Menurut cerita turun-temurun yang disampaikan tokoh pemuda setempat, Egy Pematang Sawa, saat Gunung Anak Krakatau meletus dan gelombang tsunami menghantam sejumlah wilayah pesisir Lampung, Pekon Kaurgading justru luput dari terjangan bencana. Ketika air laut pasang menerjang daerah sekitar, wilayah ini disebut tetap aman dan tak tersentuh gelombang besar.
“Wilayah lain terdampak, tapi Kaurgading seperti dilindungi. Itu yang dipercaya masyarakat hingga sekarang,” ujar Egy.
Keramat Way Buyuk kemudian diyakini sebagai salah satu penanda sejarah dan spiritual yang menyatu dengan kehidupan warga. Tak sedikit peristiwa mistis dan kejadian di luar nalar yang disebut-sebut pernah terjadi di sekitar kawasan keramat tersebut. Cerita-cerita itu menyebar dari mulut ke mulut, menjadikan tempat ini semakin dikenal luas.
Seiring waktu, Keramat Way Buyuk tidak hanya menjadi situs sakral bagi masyarakat lokal, tetapi juga menarik perhatian peziarah dan pengunjung dari berbagai daerah. Warga menyebut, tamu yang datang tidak hanya dari kabupaten sekitar, tetapi juga dari luar provinsi, termasuk Pulau Jawa.

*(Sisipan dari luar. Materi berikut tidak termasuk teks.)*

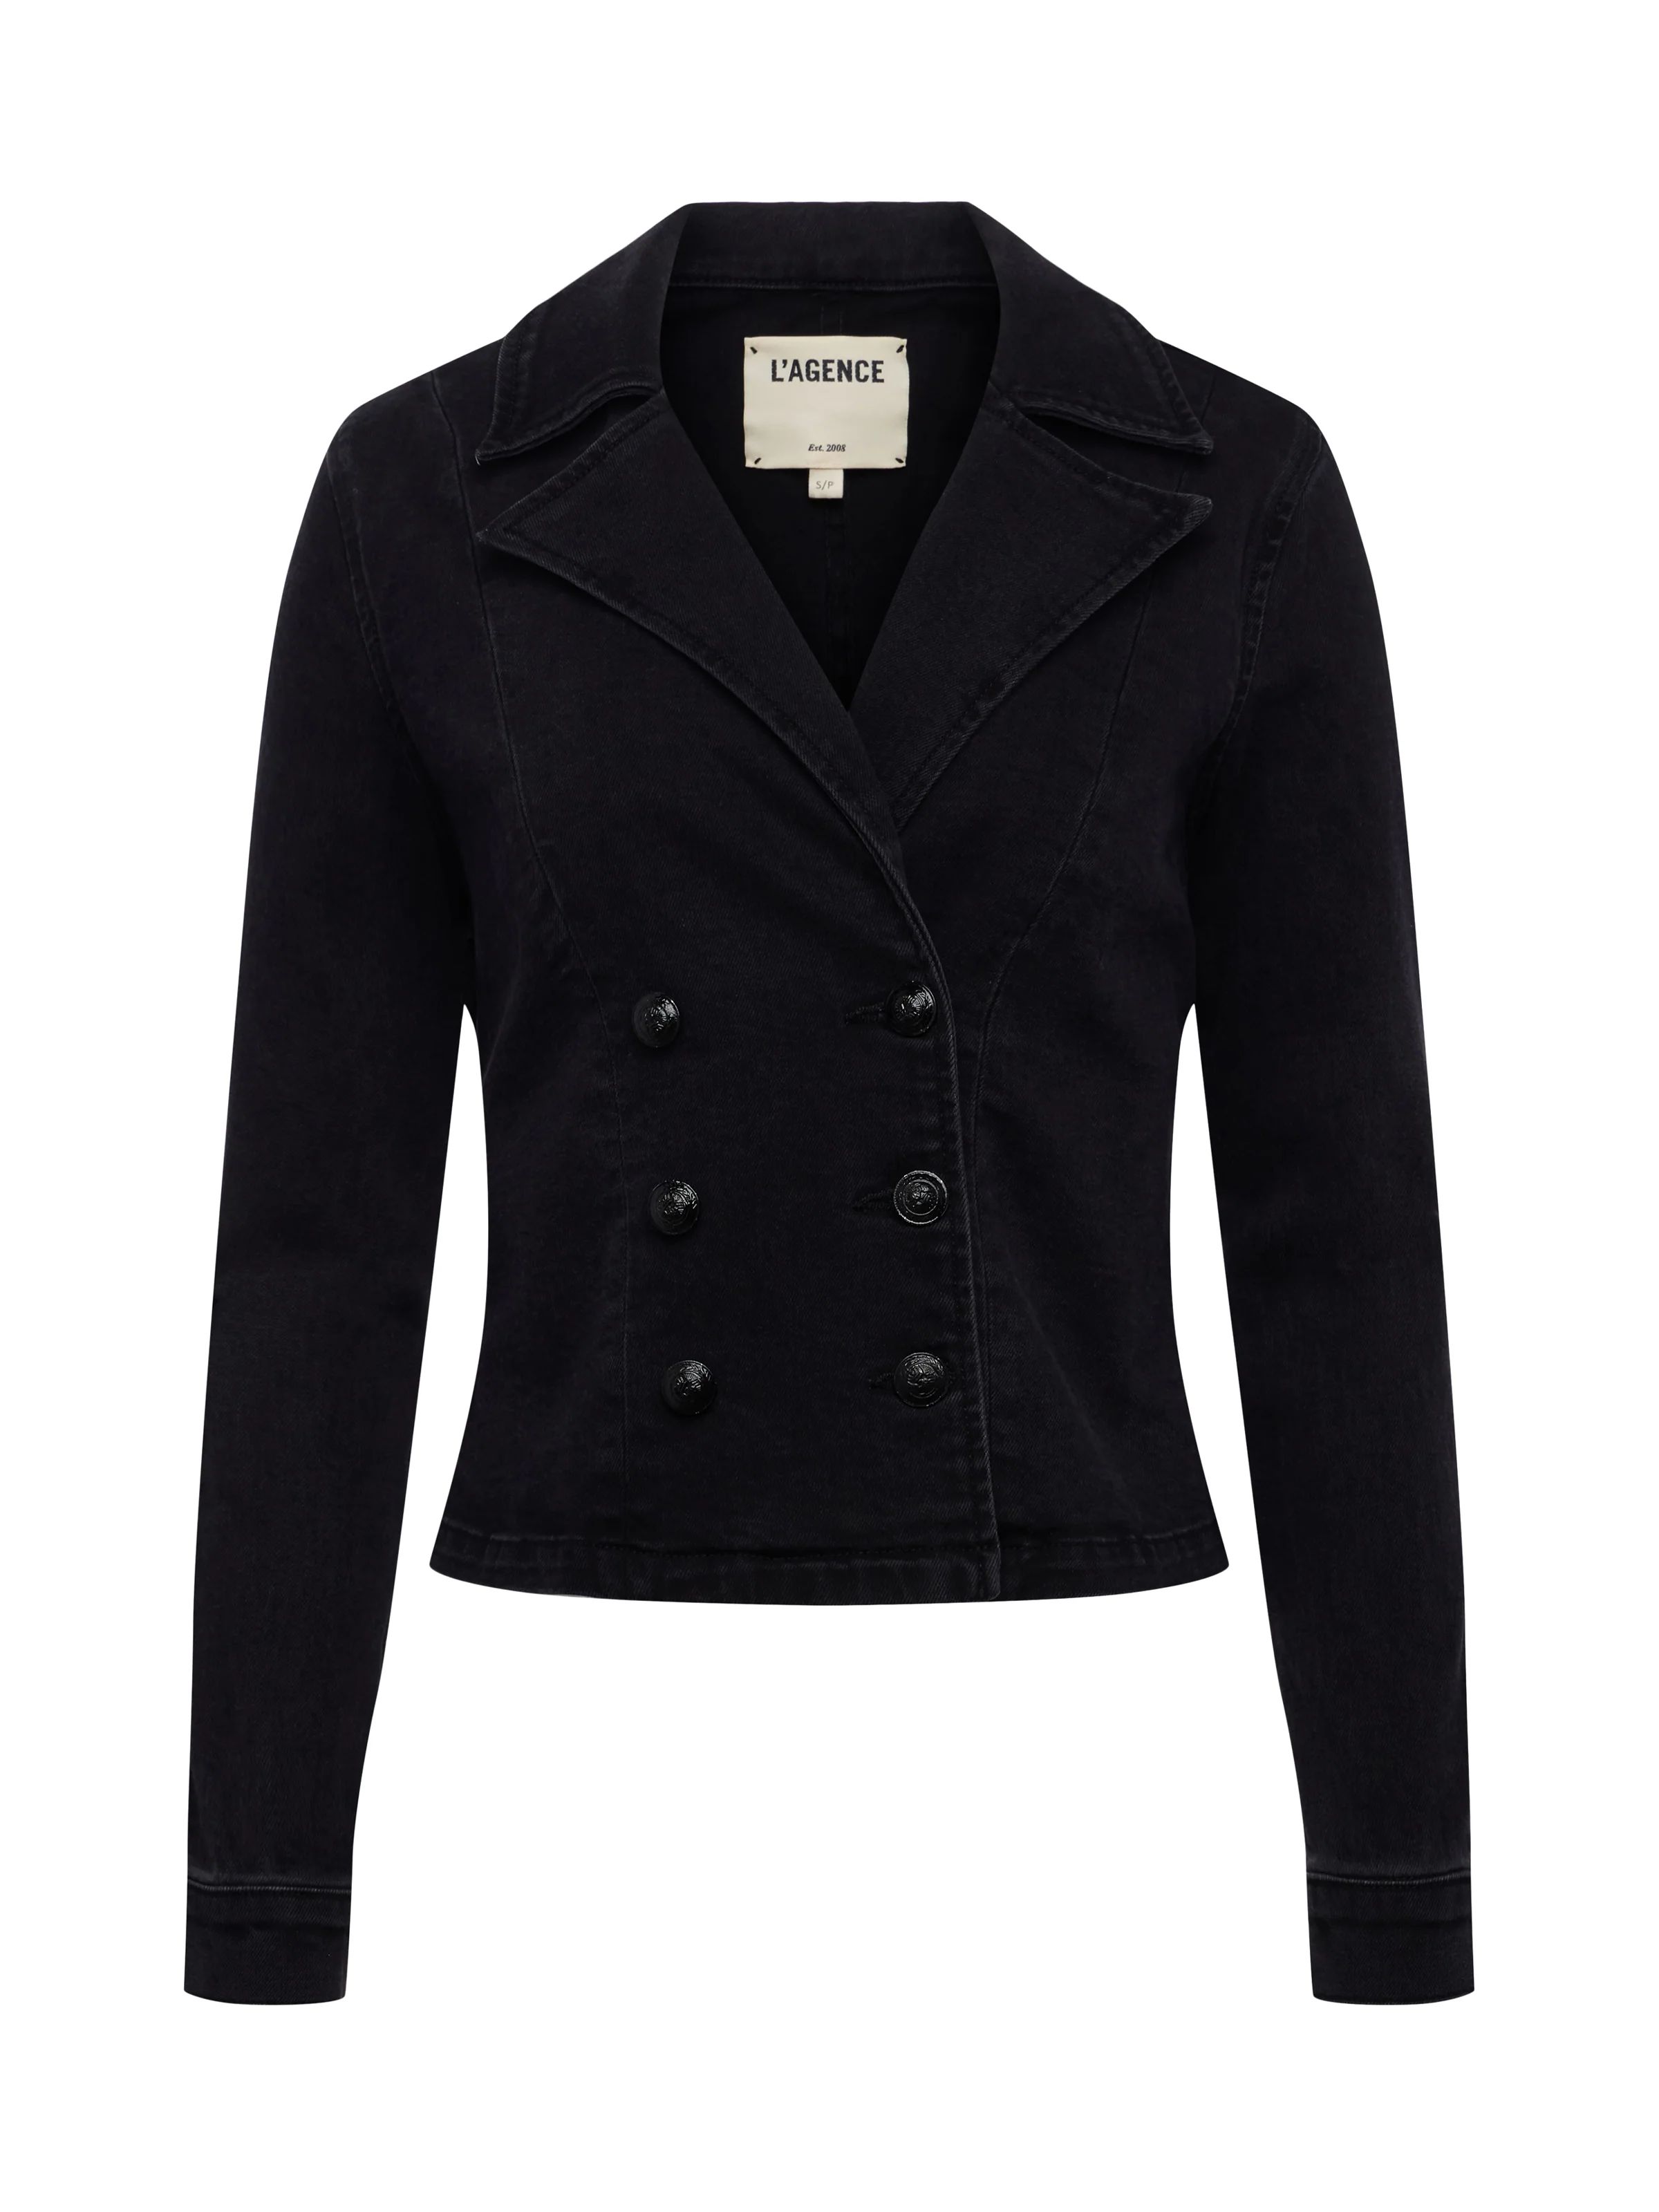 L'AGENCE Admiral Jacket In Washed Black | L'Agence

Pekon Kaurgading sendiri merupakan wilayah yang mayoritas dihuni Suku Lampung adat Saibatin, dari Marga Kaokhgading, yang secara adat dipimpin oleh seorang pangeran. Struktur adat ini masih dijaga hingga kini, berdampingan dengan keberadaan beberapa suku lain yang hidup harmonis di wilayah tersebut.
Bagi masyarakat setempat, Keramat Way Buyuk bukan sekadar tempat yang diselimuti kisah mistis, melainkan bagian dari identitas dan sejarah pekon. Ia menjadi simbol kearifan lokal, kepercayaan, dan hubungan manusia dengan alam yang diwariskan lintas generasi.
Di tengah geliat wisata budaya dan sejarah yang mulai diminati, Pekon Kaurgading menawarkan lebih dari sekadar panorama alam. Ia menyuguhkan cerita, nilai adat, dan misteri sejarah yang mengundang rasa ingin tahu—sebuah alasan kuat bagi siapa pun yang ingin mengenal Lampung lebih dalam, dari sudut yang jarang tersorot.